I think civility rendered as basic etiquette is important. But I get the feeling Cox is invoking a broader sense of civility as a kind of public marketplace of ideas under some imagined Queensbury rules. Whilst that’s is a nice idea in theory, it only works with real partners for dialogue. So you need a tit for tat system to police it, which we don’t have, and so it’s open to gaming the system. You can see countless examples of polite professional centrists who’ve risen to media columnist by spouting false equivalences and worshipping insider savviness, with nothing of real substance to say outside bromides.
For that reason, I’d much rather talk with someone who is a bit of a dick but who is well-read and constructive engaged with real arguments of substance, with a good faith approach that is aware of the requirements of internal self-consistency, than talk to some think tank sophist who observes all the requirements of civility.
While I don’t support yelling or boorish behaviour, I think there’s a place for what we might called passionate but restrained stridency.
As for freedom of expression – there is terrible tendency for people to claim vocal disagreement is a form of censorship and intolerance (see that contrarian fool Brendan O’Neill). It’s true that society should create space for discussion of contested ideas, but it’s an overworked refrain mostly used by people who don’t want to address forceful disagreement using readily available platforms. Their fear ridicule is often about the weakness and unpopularity of their arguments, not a culture of speech repression and orthodoxy.

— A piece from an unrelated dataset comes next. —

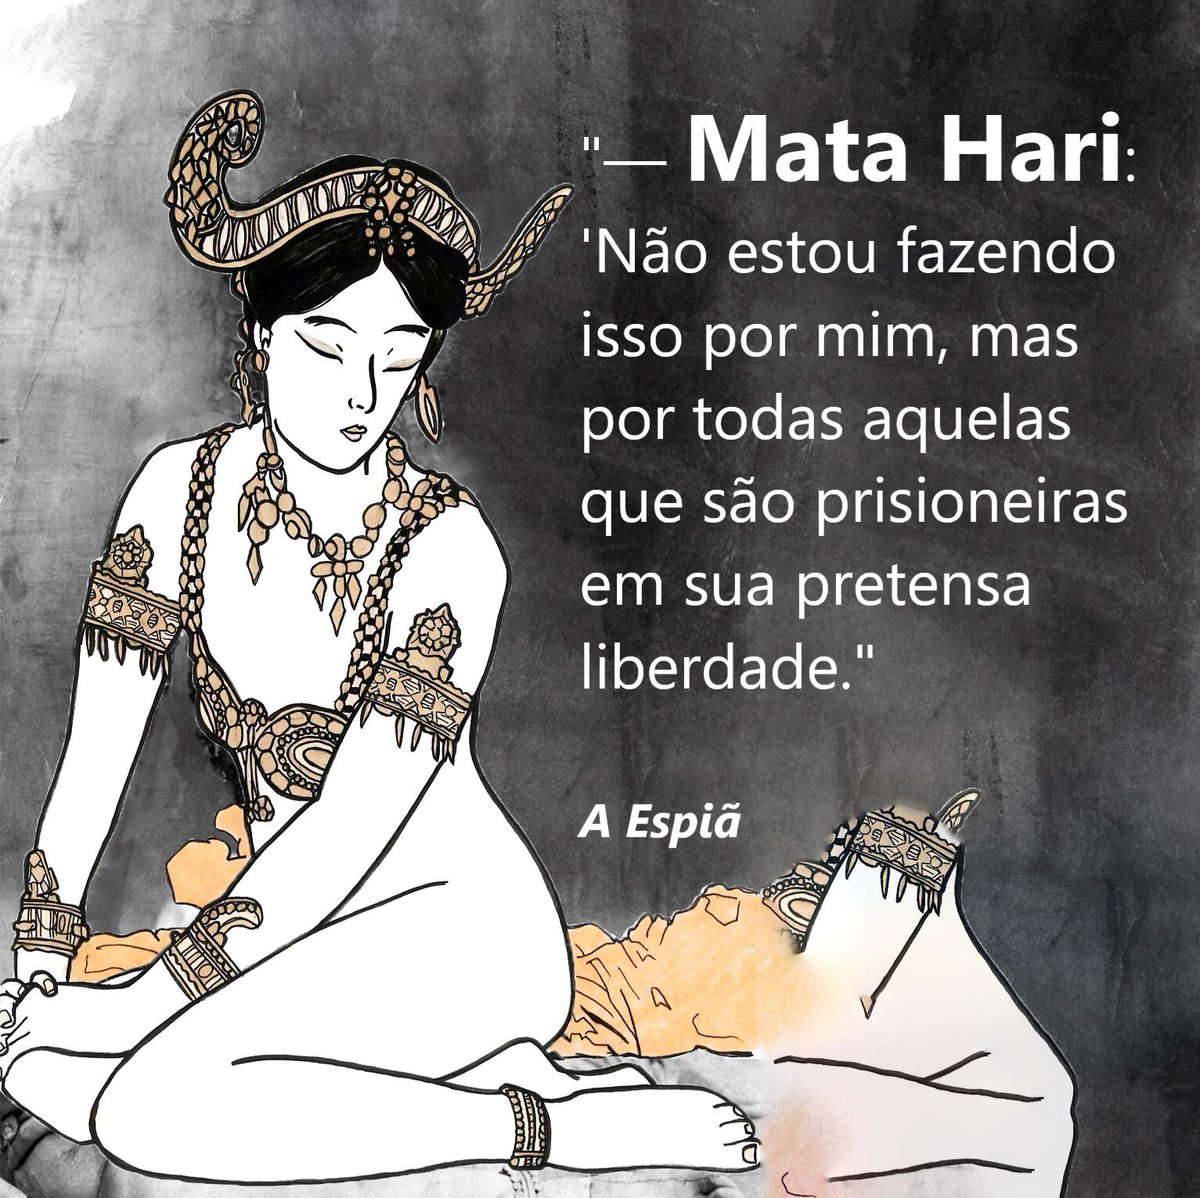 RT @paulocoelho: #diainternacionaldamulher https://t.co/VfVLg01ZSf

Free speech is one thing but there should not be an obligation to be forced to listen to it. That’s what the anti-abortion protesters are about – forcing other people to listen to their speech. They are free to protest in letters to the editor. They are free to hold rallies, to march on parliament, to make documentaries and Youtube videos and whatever else they may like. But to impose your speech on others – to force them to listen to you by blockading their only access to medical services, for example – that is not right.
Thank you for your article; I wonder if there are groups of civilized Queenslanders offering to support and escort women in to clinics as is common in the US where these people harass women at many facilities.

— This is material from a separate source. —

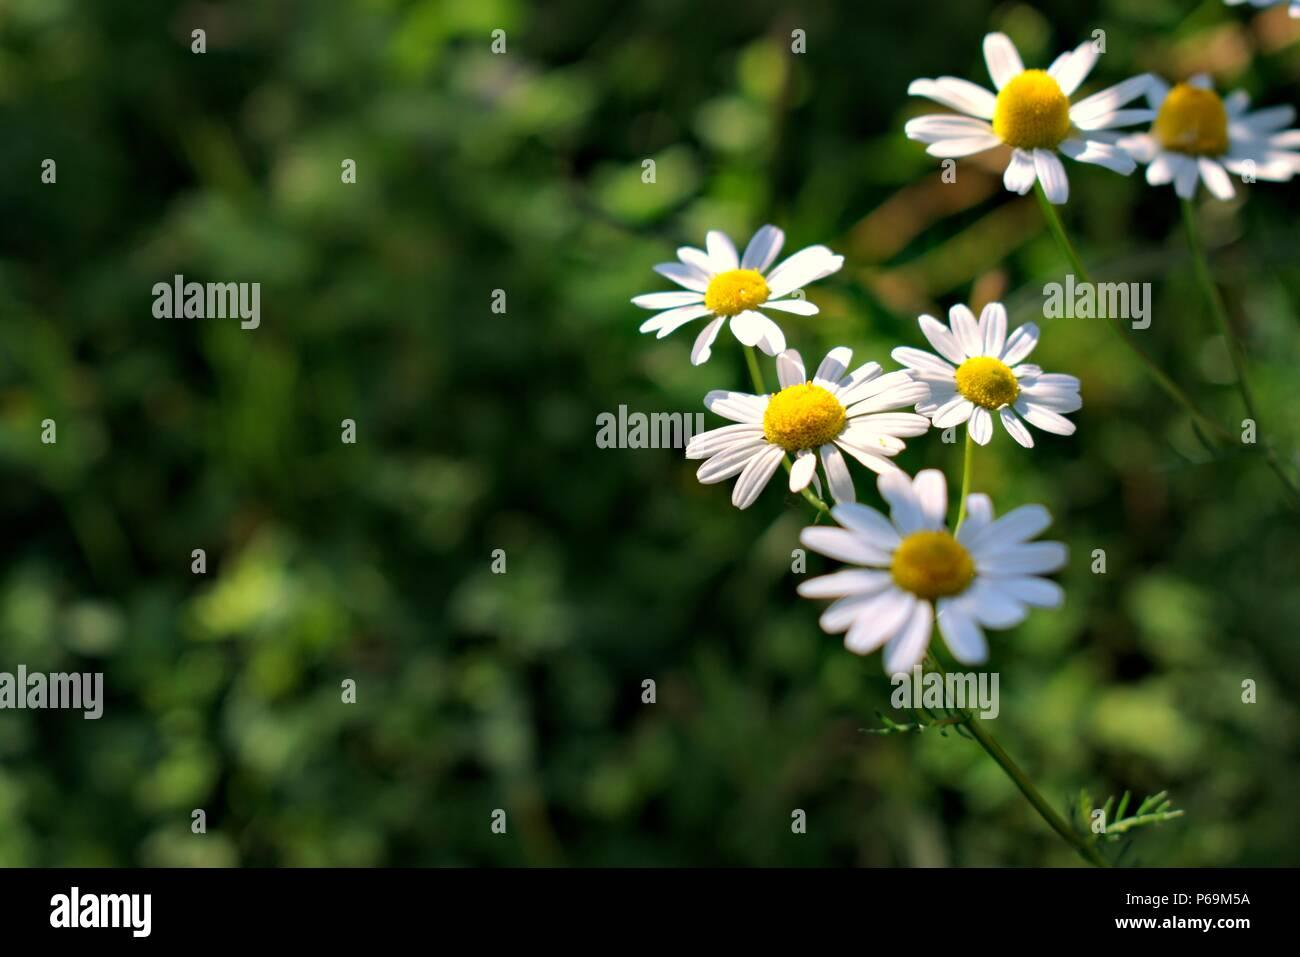 Natureflowersenvironmentparks And Summery Concept White Wild

If the protesters do cross the line from making their voices heard to harassment of women accessing healthcare, supporting attendees at the clinics and staff will be very important.
I also wonder if protests moved to their churches, how tolerant of protest they might be.
Except, it would be protesting if they didn’t interfere with the people using the service. Protest in front of a bank, sure, block people from entering the bank, harass them and you’re going to get arrested.
Arrest the bastards, enough of the America already, let these women do what they need to do in peace.